- Born: Kingdom of Georgia
- Died: 1118
- Venerated in: Eastern Orthodox Church
- Canonized: June 27, 2005 by Georgian Orthodox Church
- Feast: September 12

= George of Chqondidi =

Georgian saint and bishop

George of Chqondidi (გიორგი ჭყონდიდელი, Giorgi Chqondideli) (died c. 1118) was a Georgian churchman and court minister best known as a tutor and the closest adviser of King David IV (r. 1089–1125).

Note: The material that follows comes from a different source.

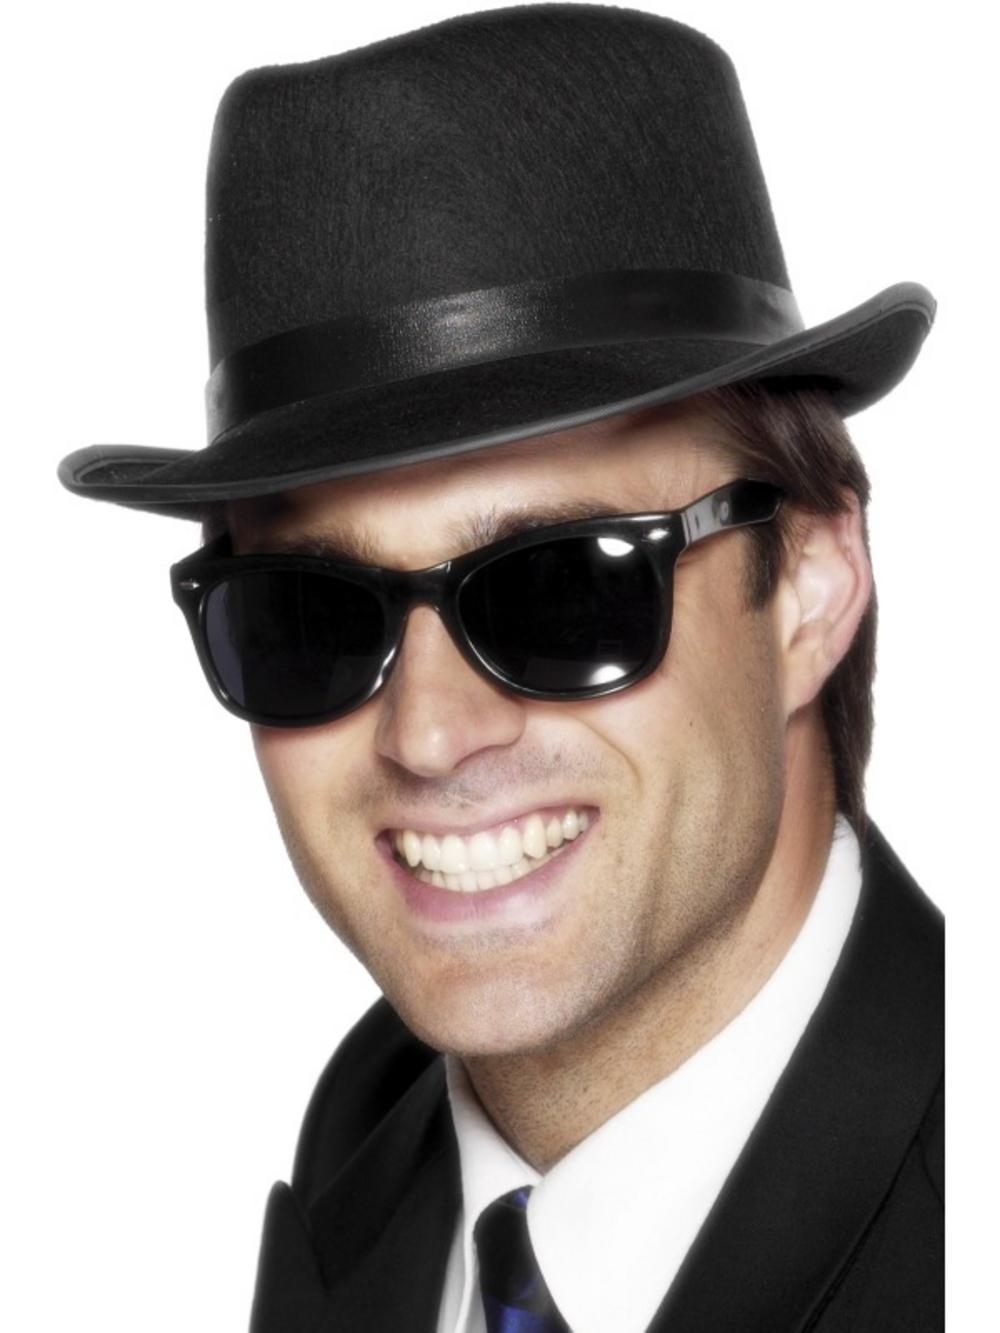 aa4cee6c5c8db Black  Cool  Shades Sunglasses Costume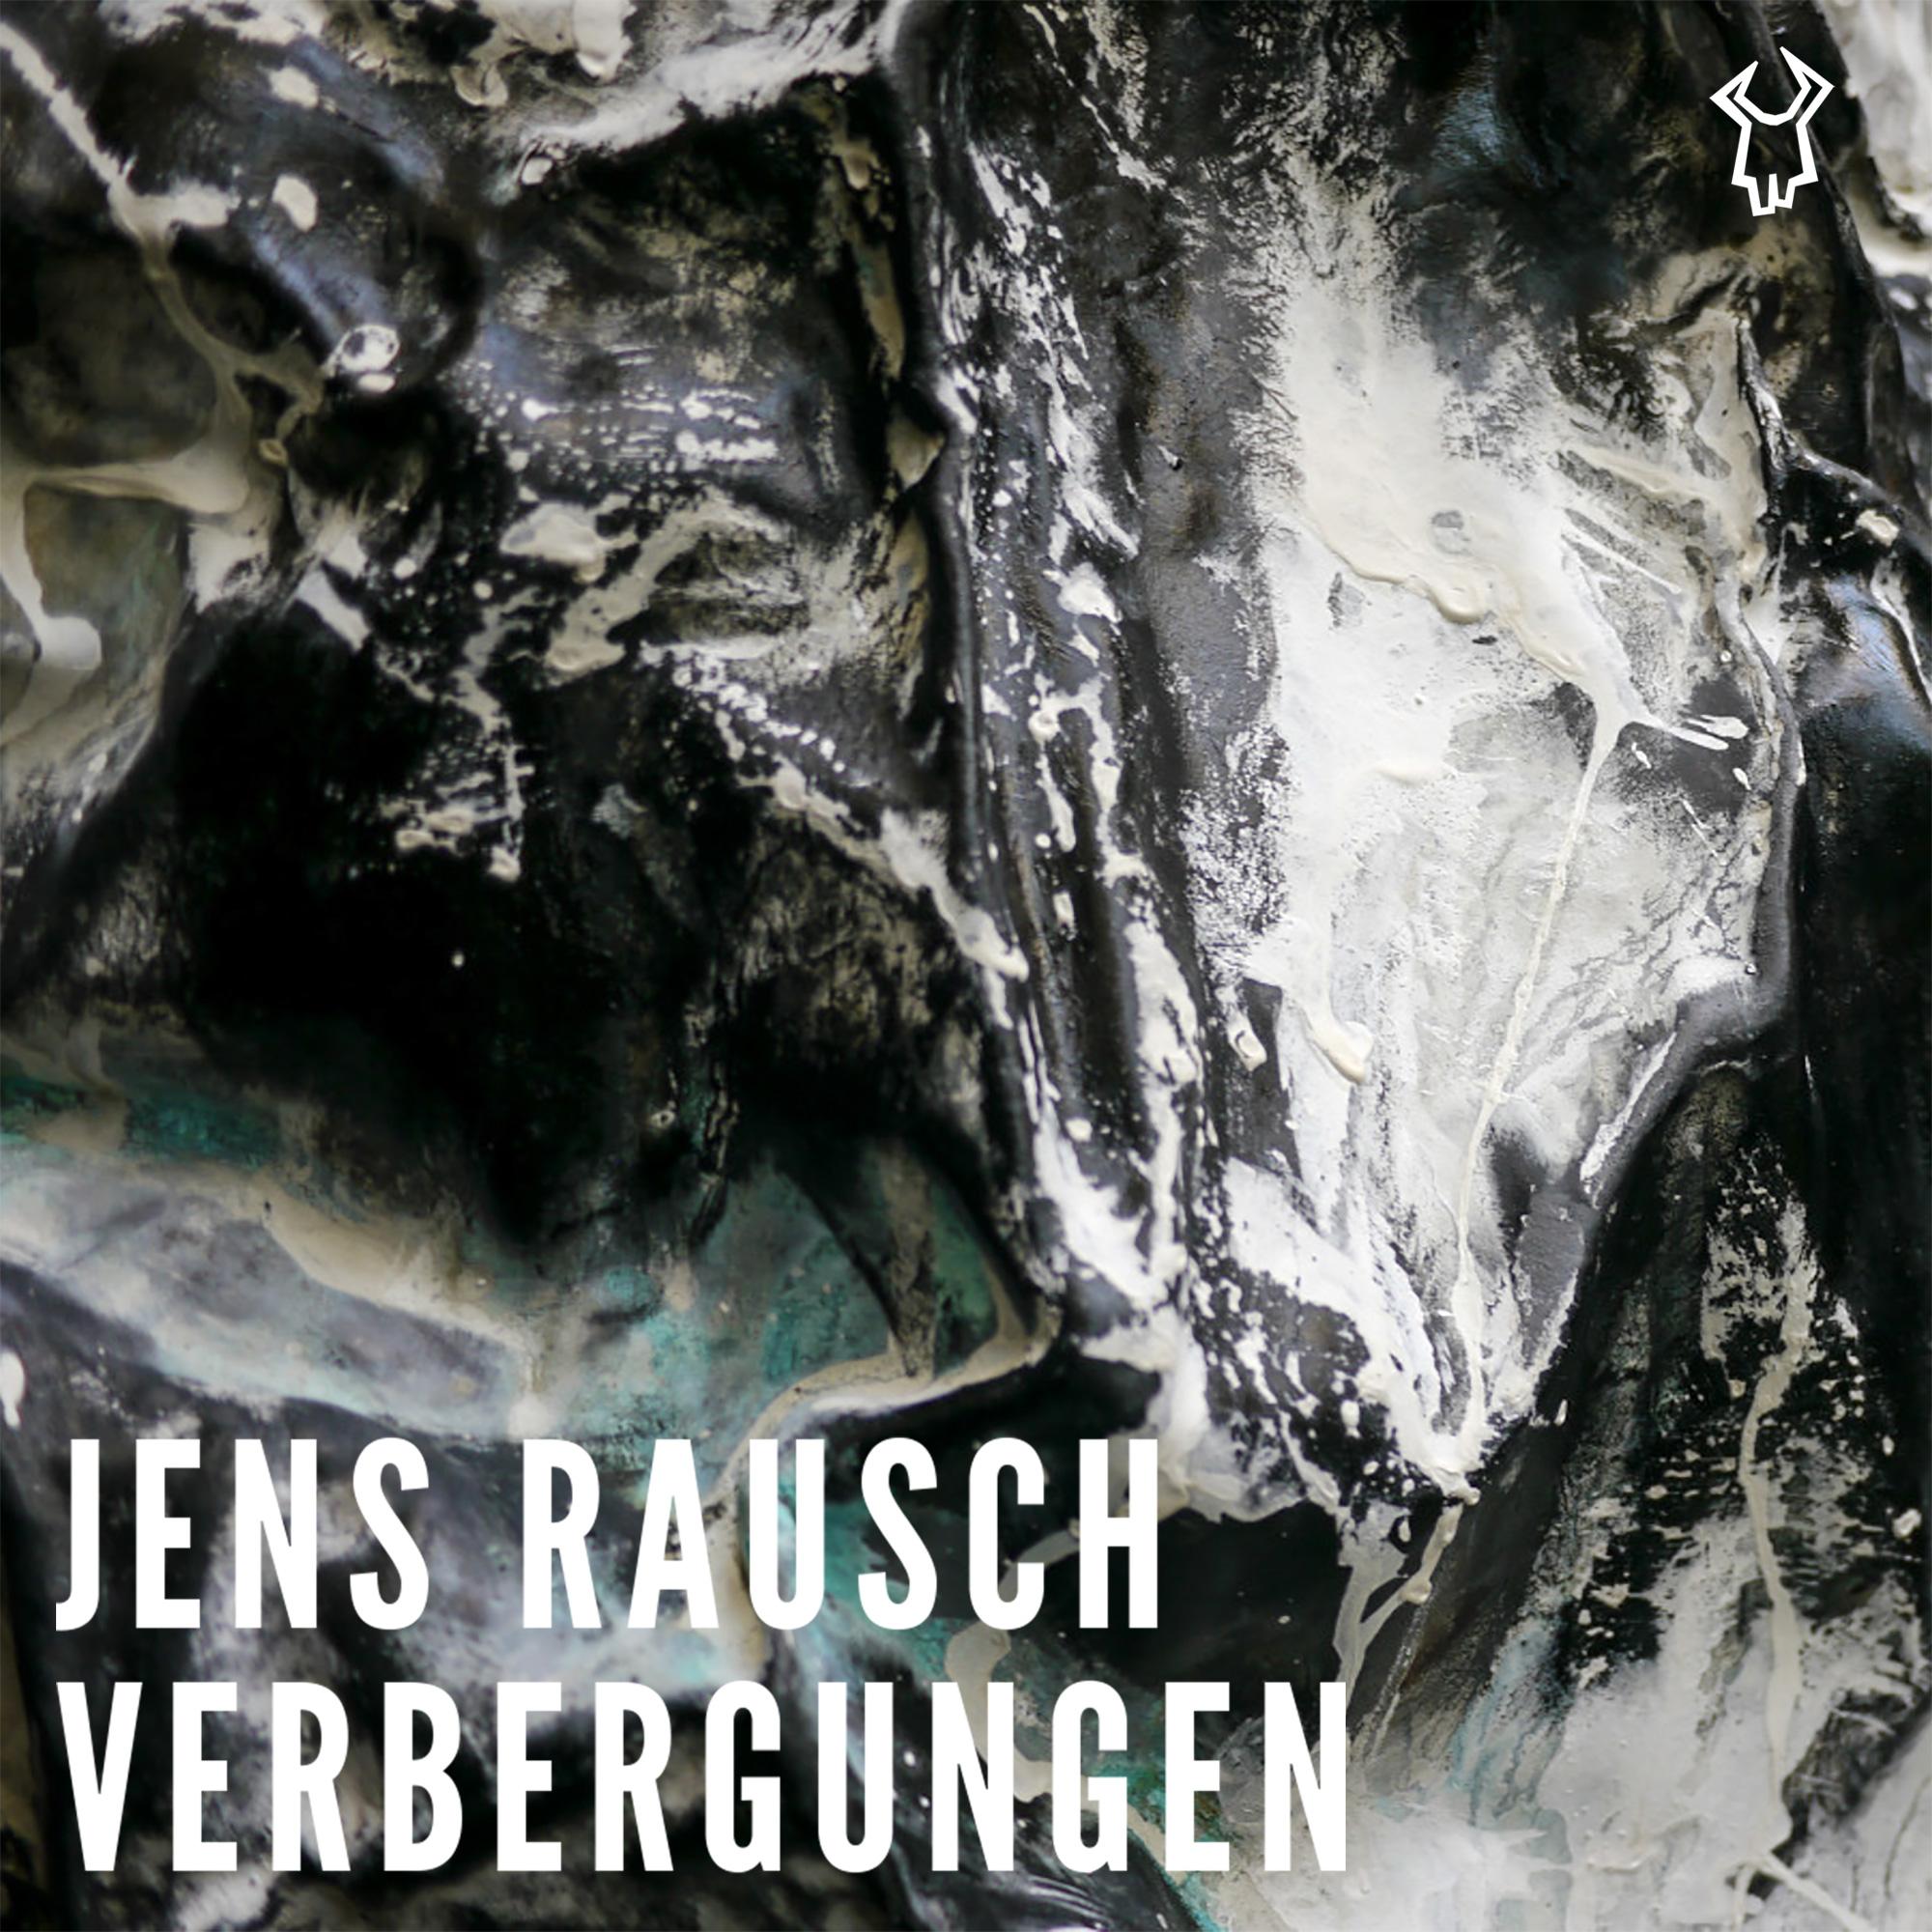 JENSRAUSCH_VERBERGUNGEN_FLYER_SQUARE.jpg

He served as an archbishop of Chqondidi (Chqondideli) in west Georgia and possibly played a role in a palace coup in which George II was forced to cede power to his young and energetic son David IV, while himself was reduced to the status of a co-king. George was the tutor and spiritual father of David and was appointed by the new king as the Grand Chancellor of Georgia (Mtsignobartukhutsesi) following the ecclesiastic Council of Ruisi-Urbnisi of 1103. Henceforth this office, for a time the greatest at the Georgian court, was usually held by the incumbent archbishops of Chqondidi. George appeared as David’s key ally in his reforms of the church and state machinery. He personally supervised successful efforts at recapturing the strongholds of Samshvilde (1110) and Rustavi (1115) from the Seljuk Turks. In 1118, he accompanied the king in his travel to the Kipchak lands to negotiate a recruitment of these nomad tribesmen in the royal army of Georgia. He was never to return to Georgia though, as he died in Alania around that year. According to the Georgian Chronicles, George "was mourned as a father, and even more deeply, by the whole kingdom, and by the king himself, who wore black for forty days". And he was buried at the Gelati cathedral. The art historian Guram Abramishvili identifies George with the figure depicted on a fresco from the Ateni Sioni Church as leading a row of royal donors, otherwise thought to represent George II after his retirement to monastery.

On June 27, 2005, George of Chqondidi was canonized by the Georgian Orthodox Church which marks his feast day annually on September 12.